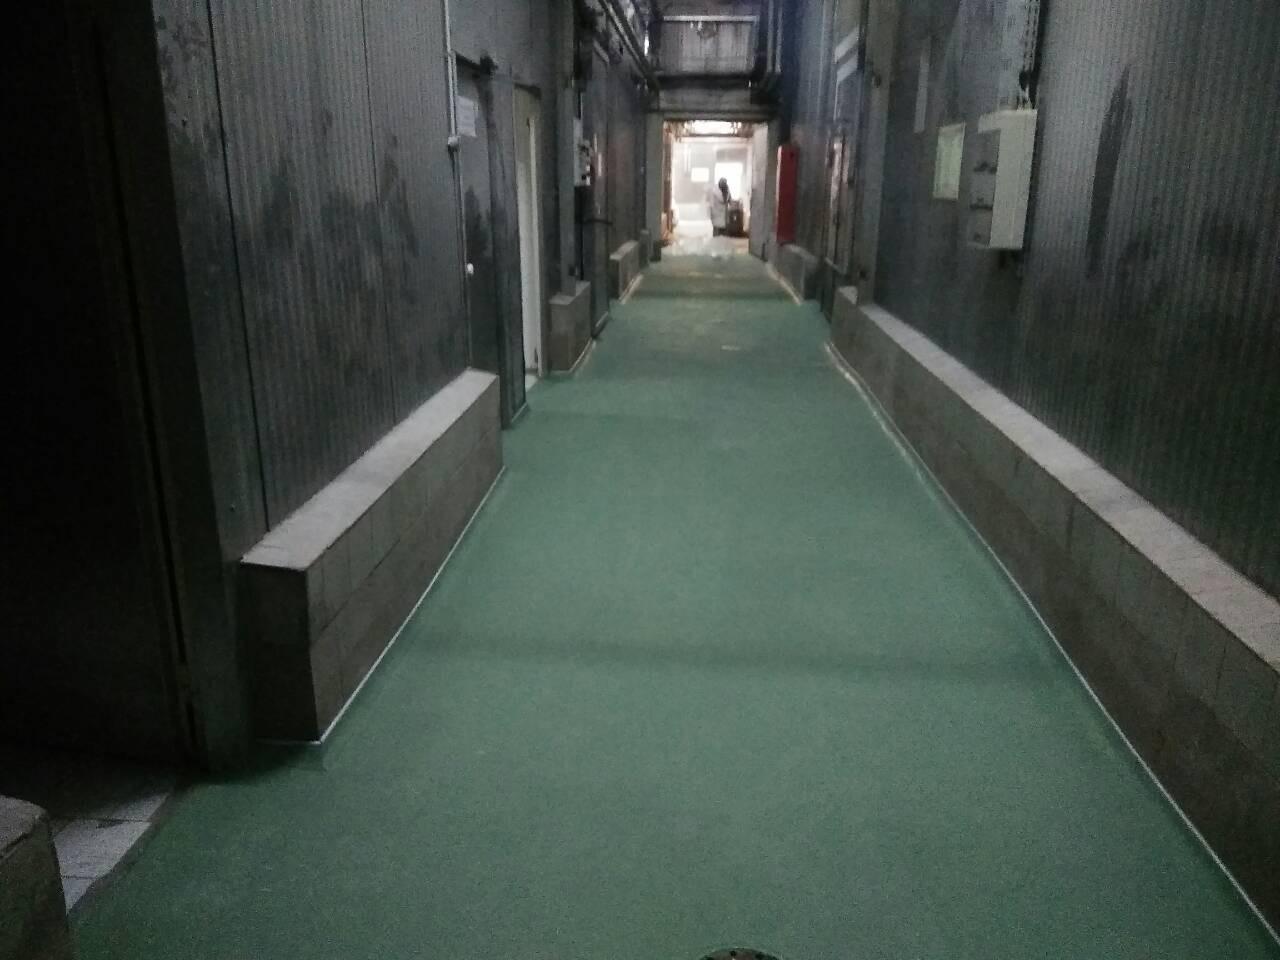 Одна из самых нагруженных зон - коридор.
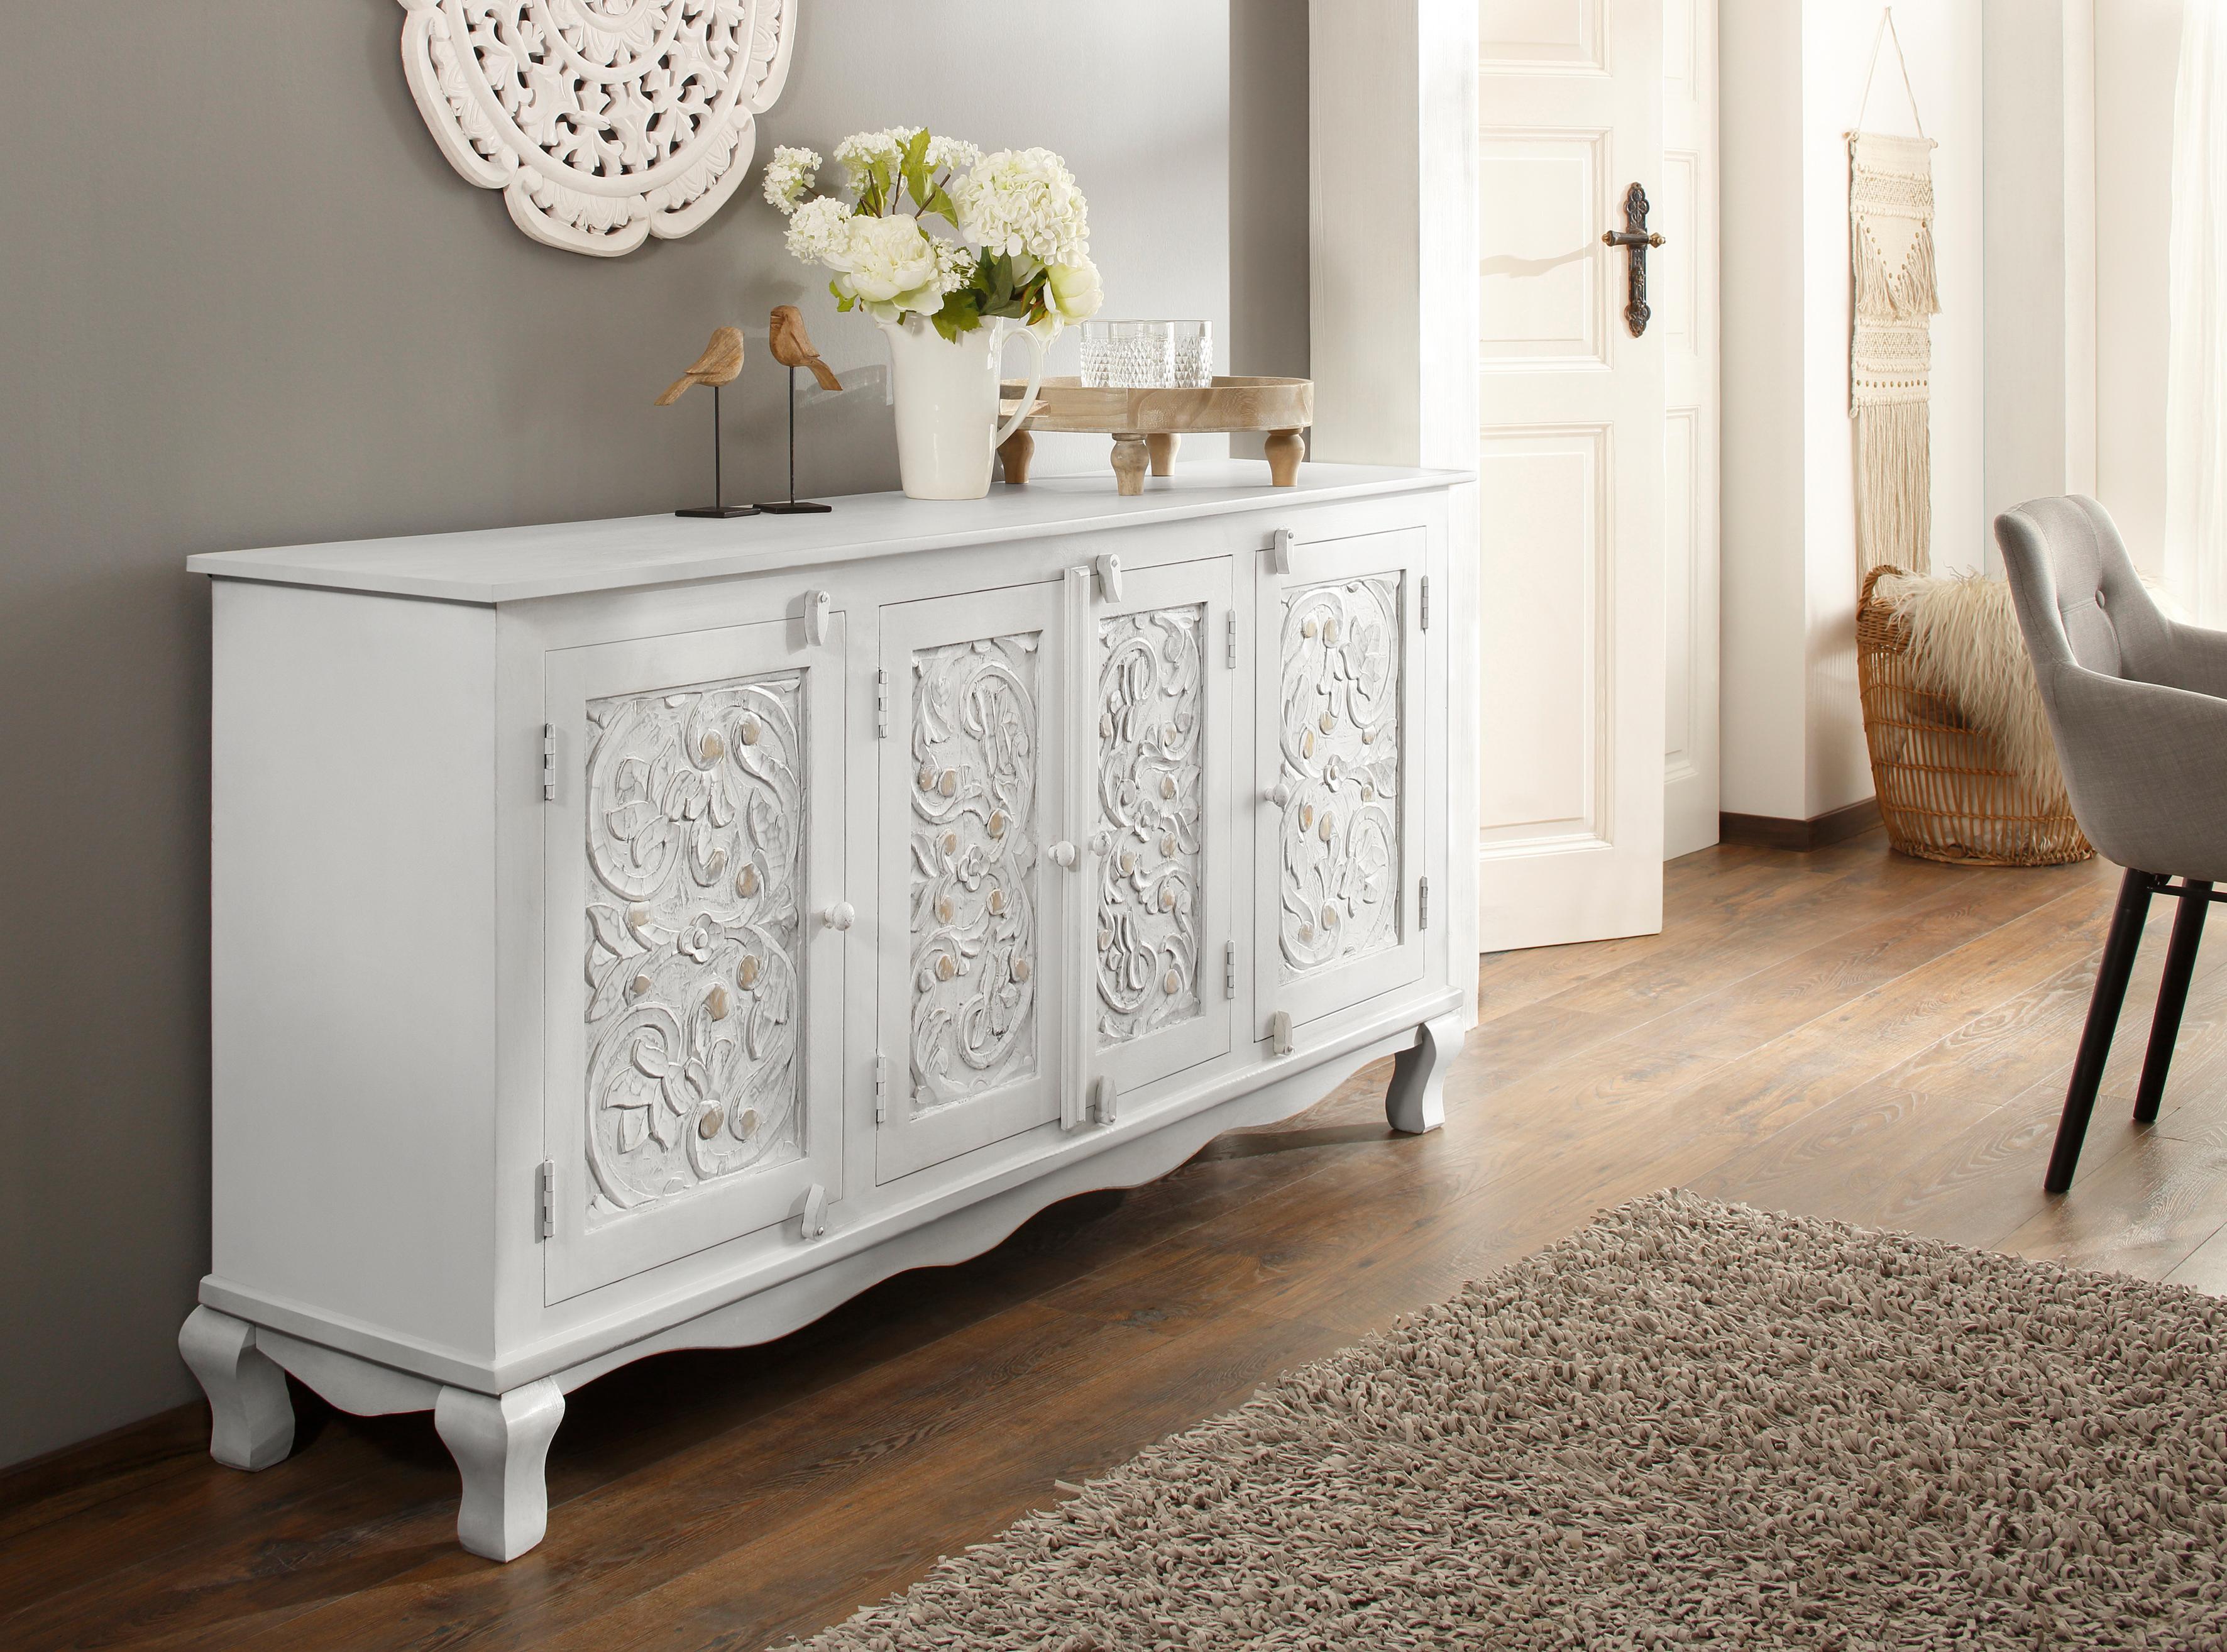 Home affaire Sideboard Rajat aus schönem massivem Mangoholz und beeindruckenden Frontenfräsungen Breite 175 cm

...

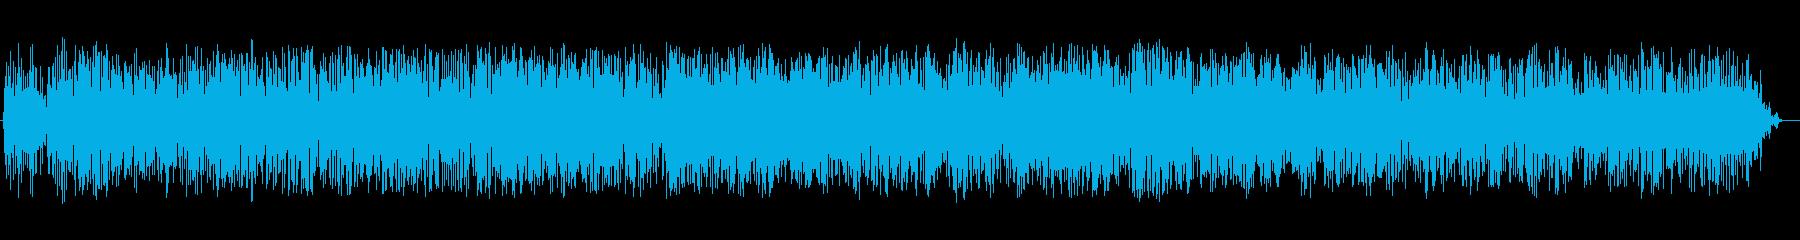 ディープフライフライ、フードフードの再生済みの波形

> _Instructions for the task_
The stretch to restate runs from the line above containing "Одна из самых нагруженных зон - коридор." through the line containing "Home affaire Sideboard". Copy it word for word, ends included, without pictures.

> _Output of the task_
 Одна из самых нагруженных зон - коридор.
 Home affaire Sideboard Rajat aus schönem massivem Mangoholz und beeindruckenden Frontenfräsungen Breite 175 cm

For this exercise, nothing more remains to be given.